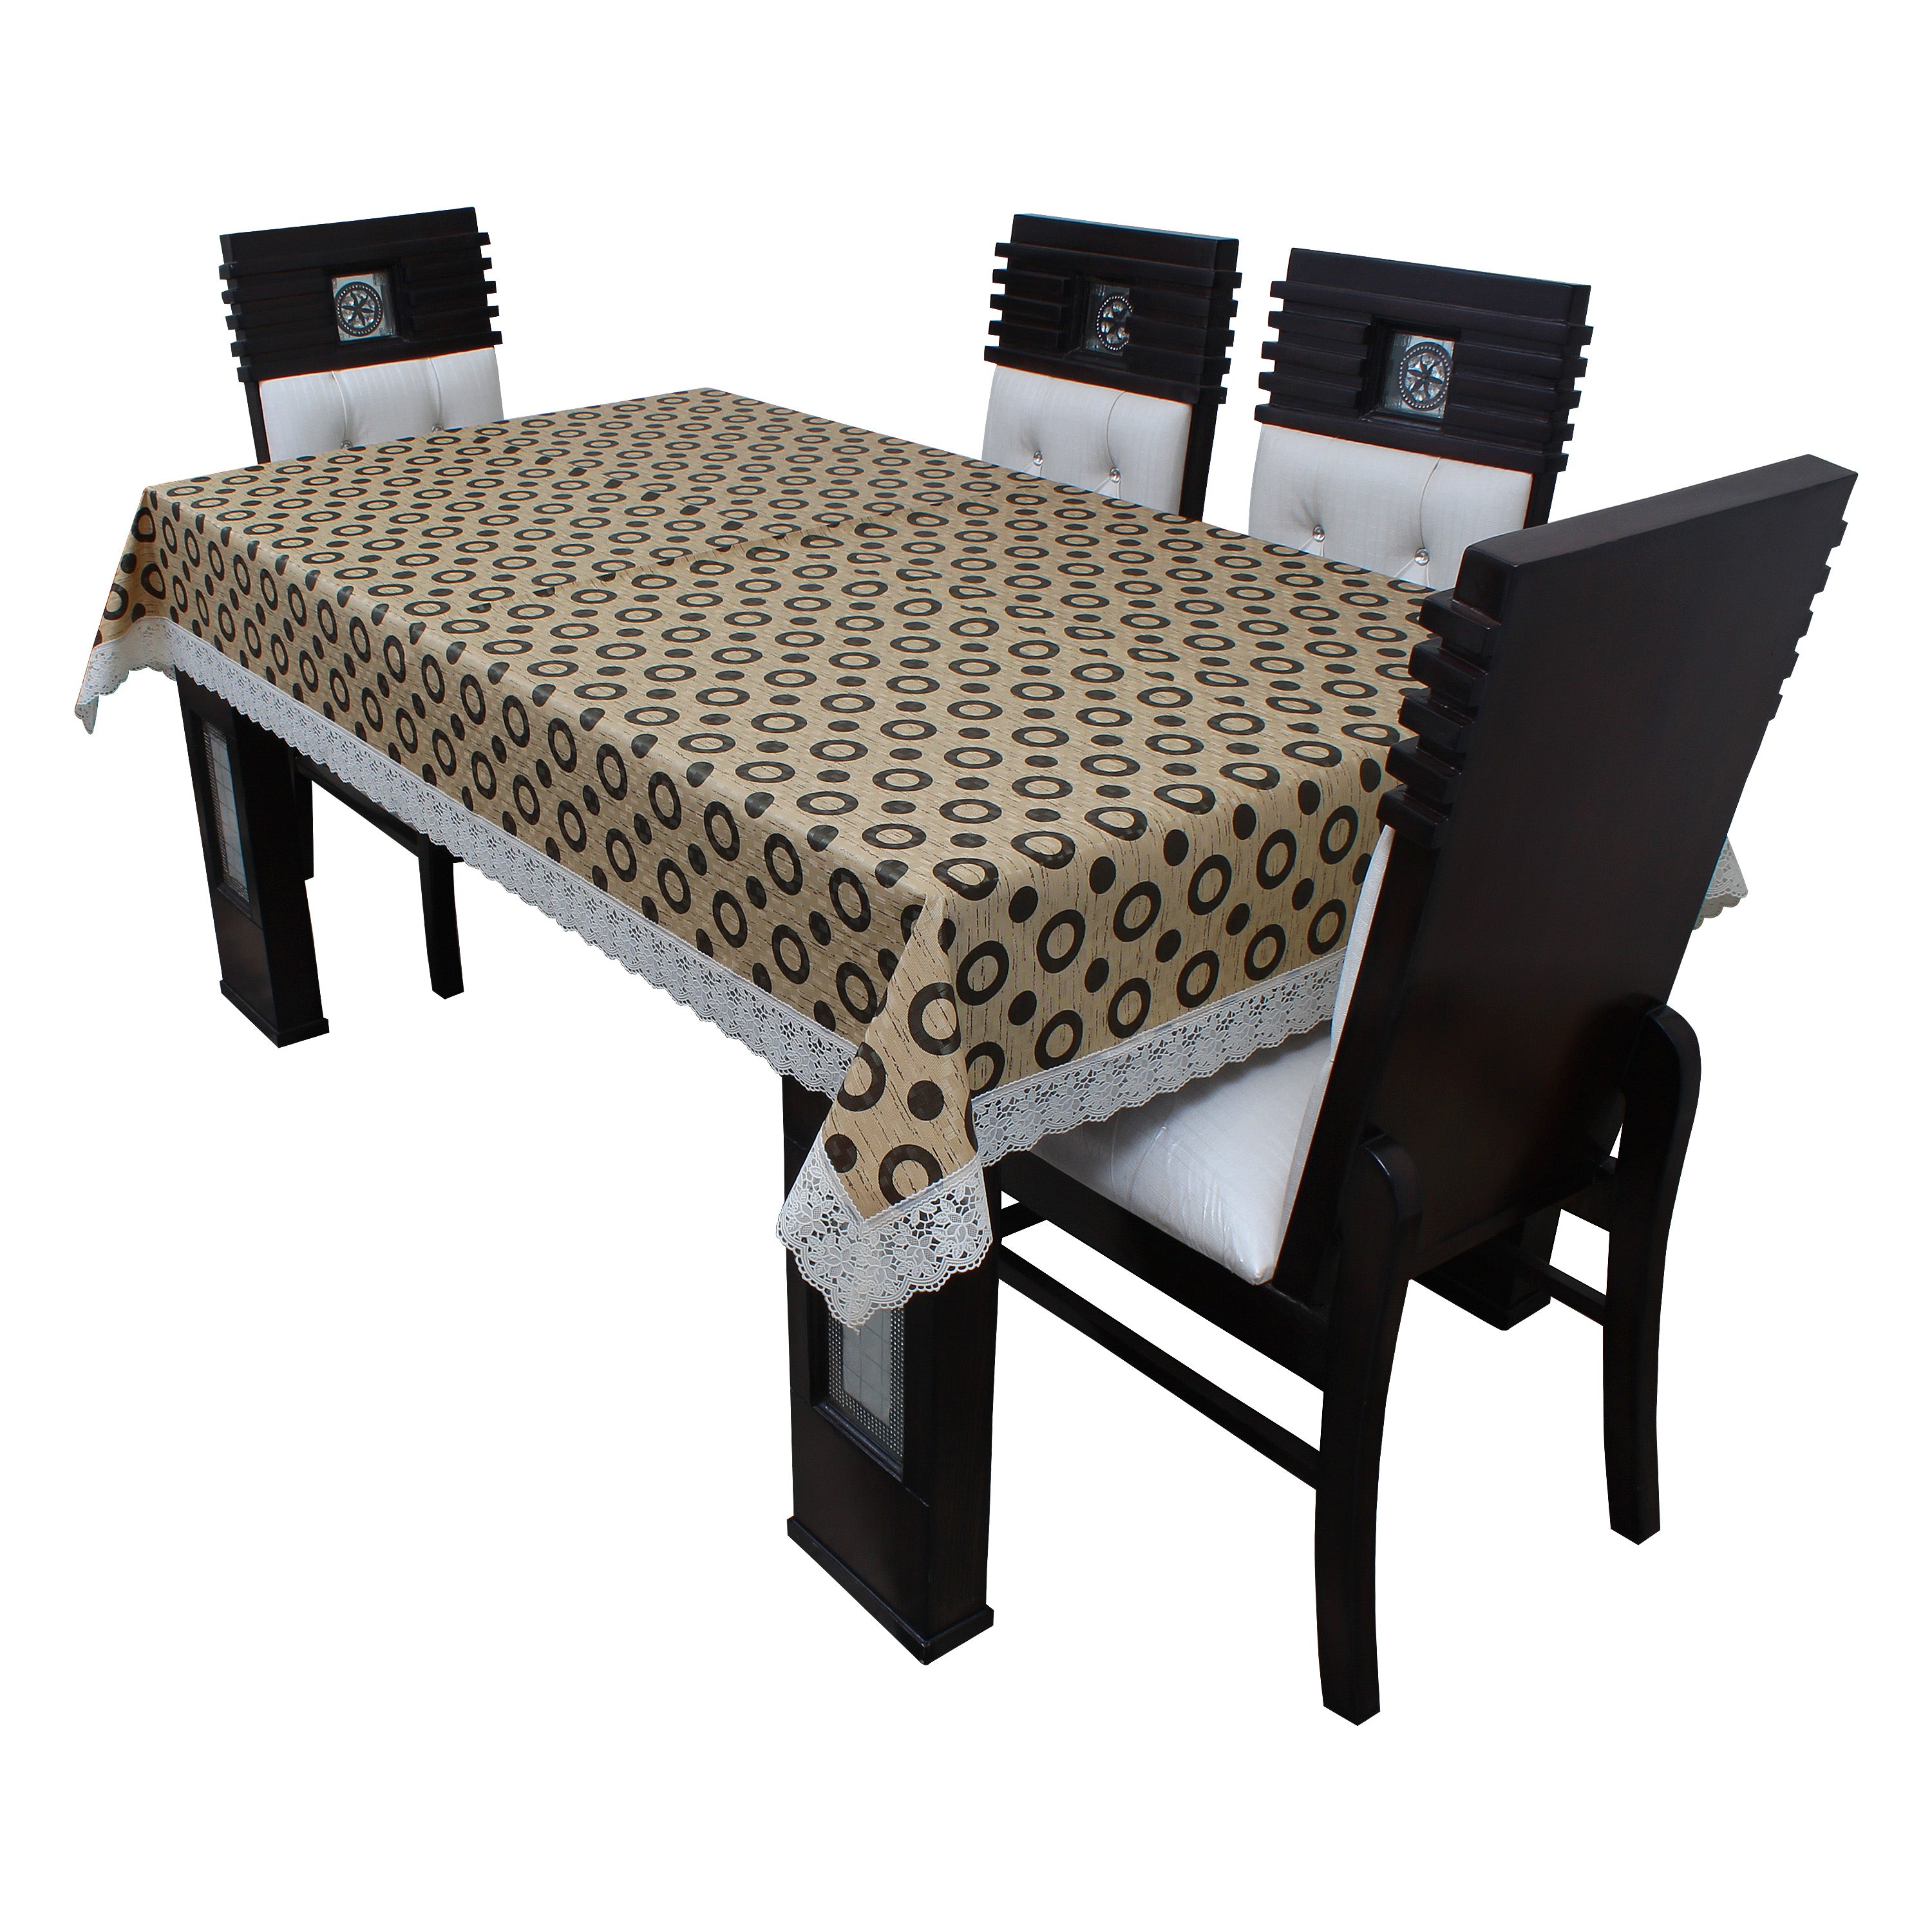 Waterproof and Dustproof Dining Table Cover, SA02 - Dream Care Furnishings Private Limited
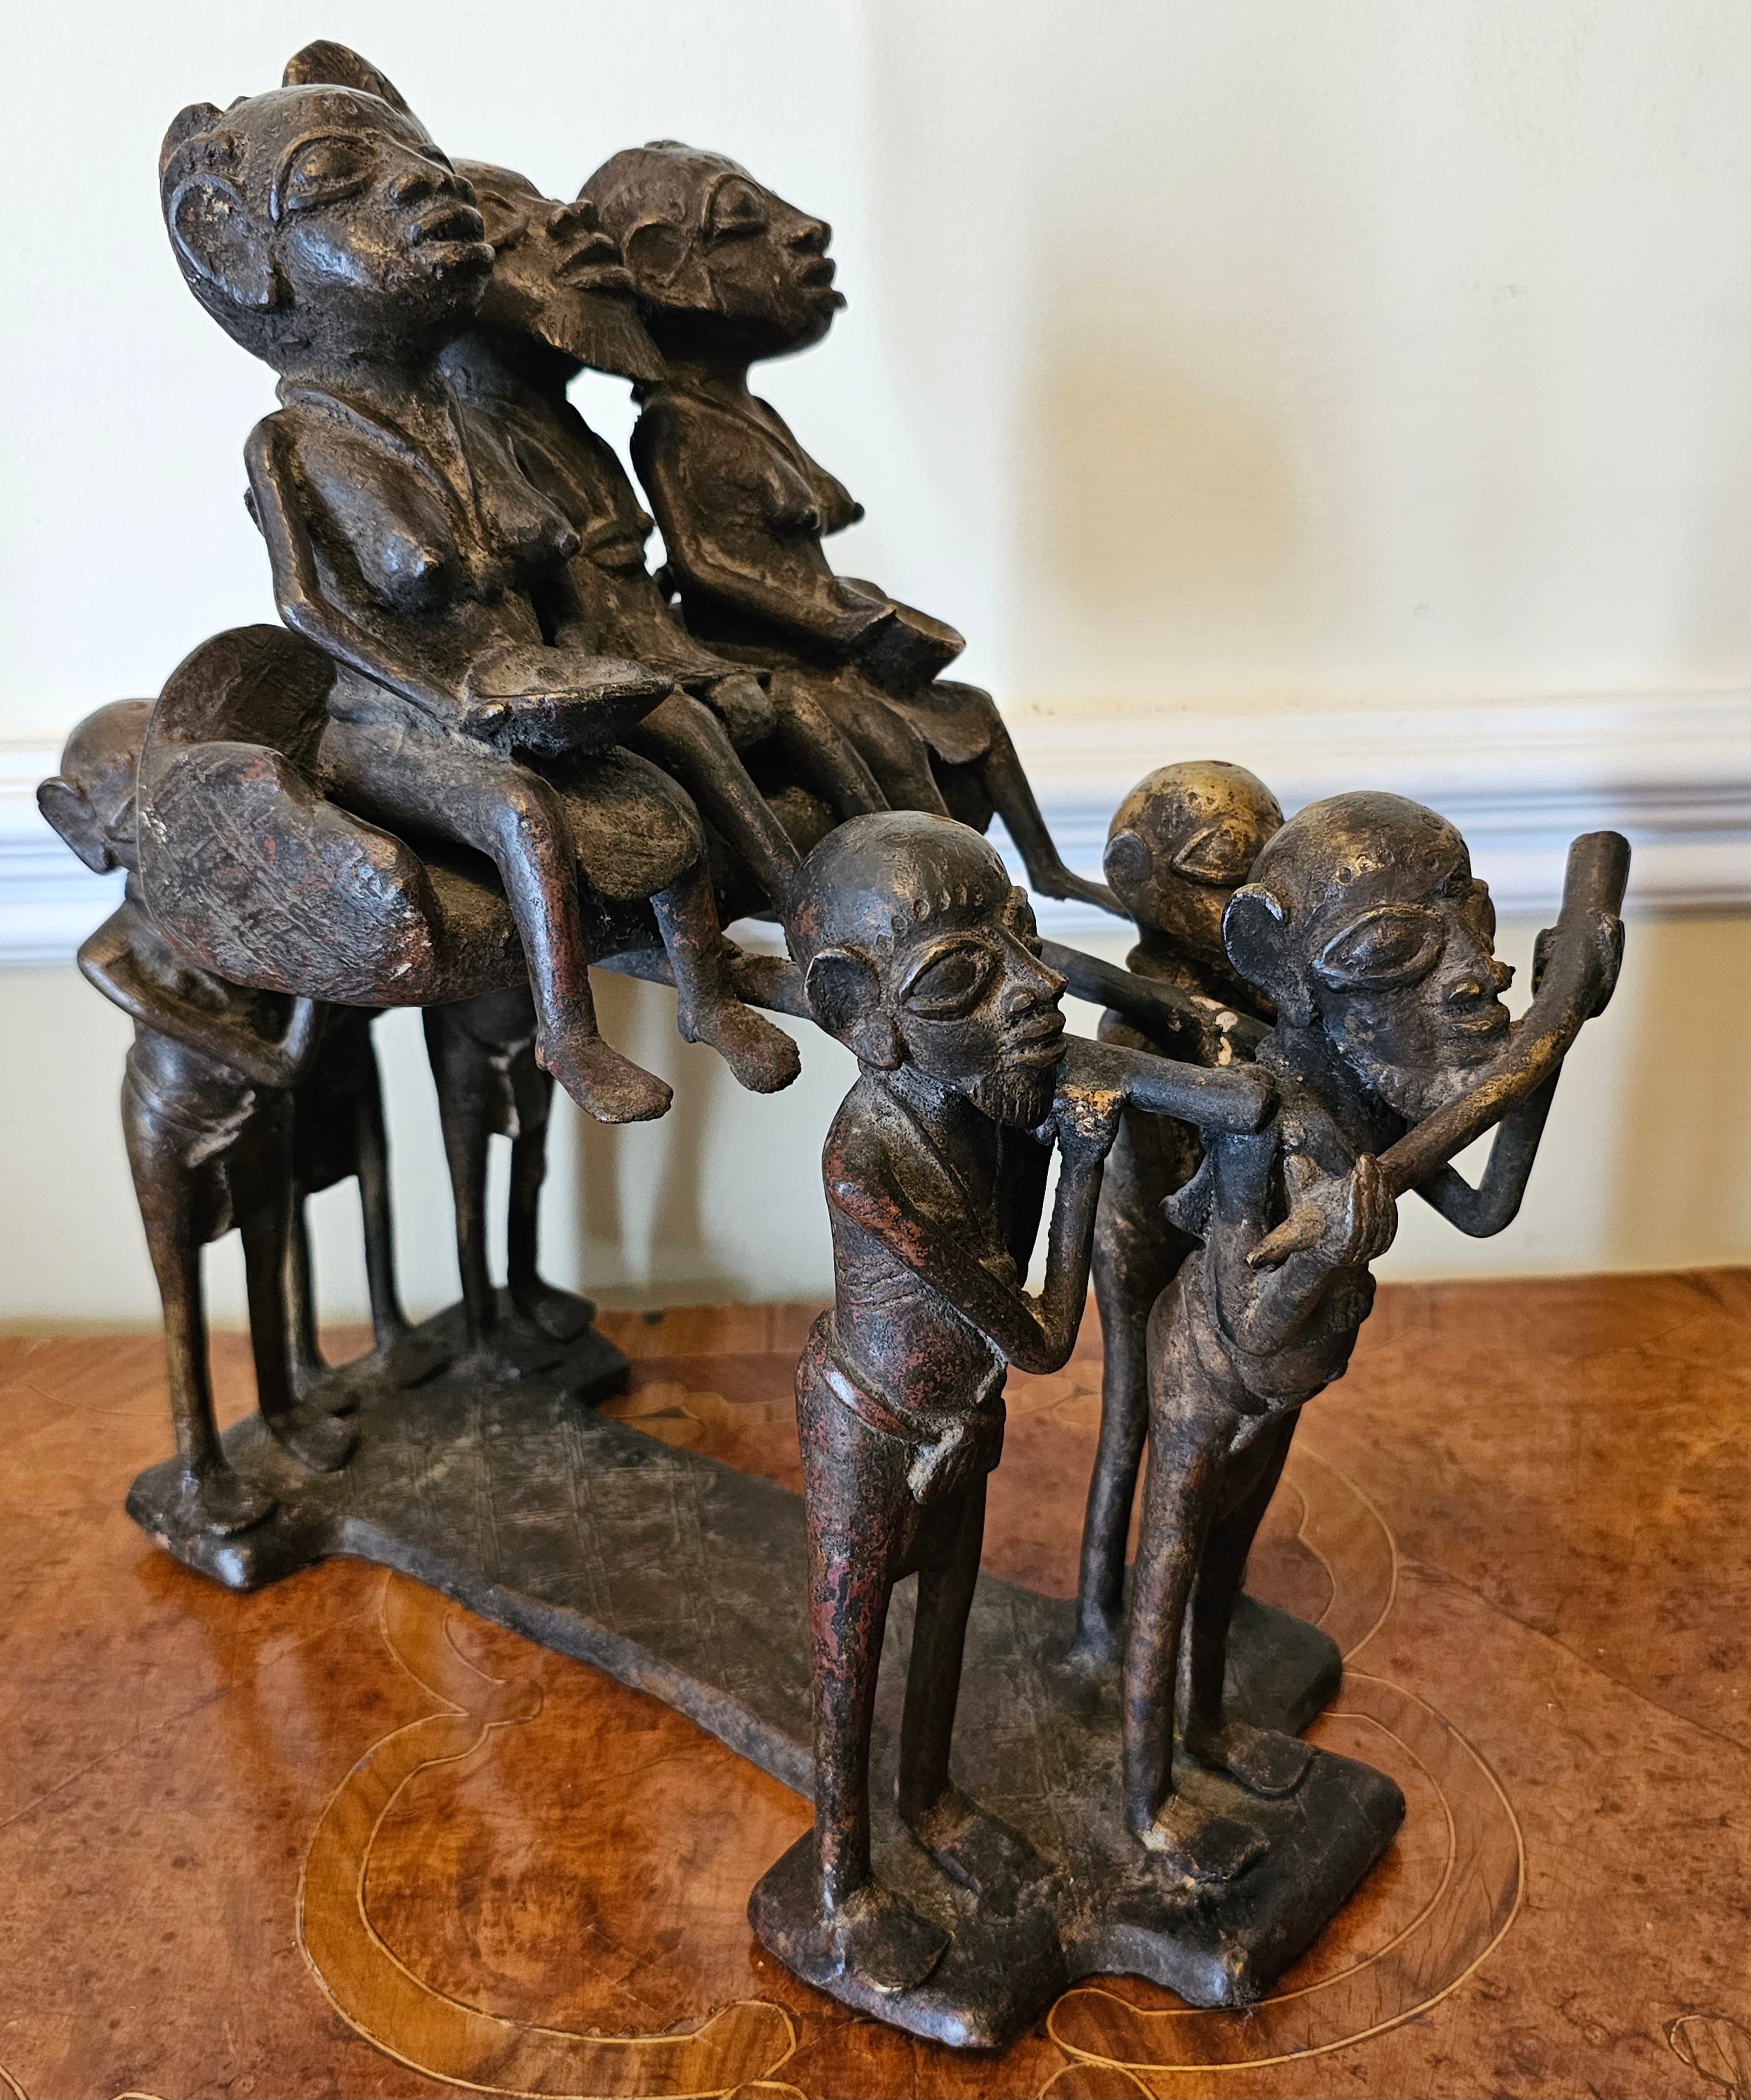 An Early 20th century Bamoun Bronze sculpture. The art of bronze in african art at the service of the King.
The king, a bearded figure, a symbol of wisdom, sits in his carrier chair, accompanied by two of his wives and six other figures. All the

## Brief:
All the data above is to be transcribed exactly, with no pictures included.

## The completed task:
 Waterproof and Dustproof Dining Table Cover, SA02 - Dream Care Furnishings Private Limited
 An Early 20th century Bamoun Bronze sculpture. The art of bronze in african art at the service of the King.
The king, a bearded figure, a symbol of wisdom, sits in his carrier chair, accompanied by two of his wives and six other figures. All the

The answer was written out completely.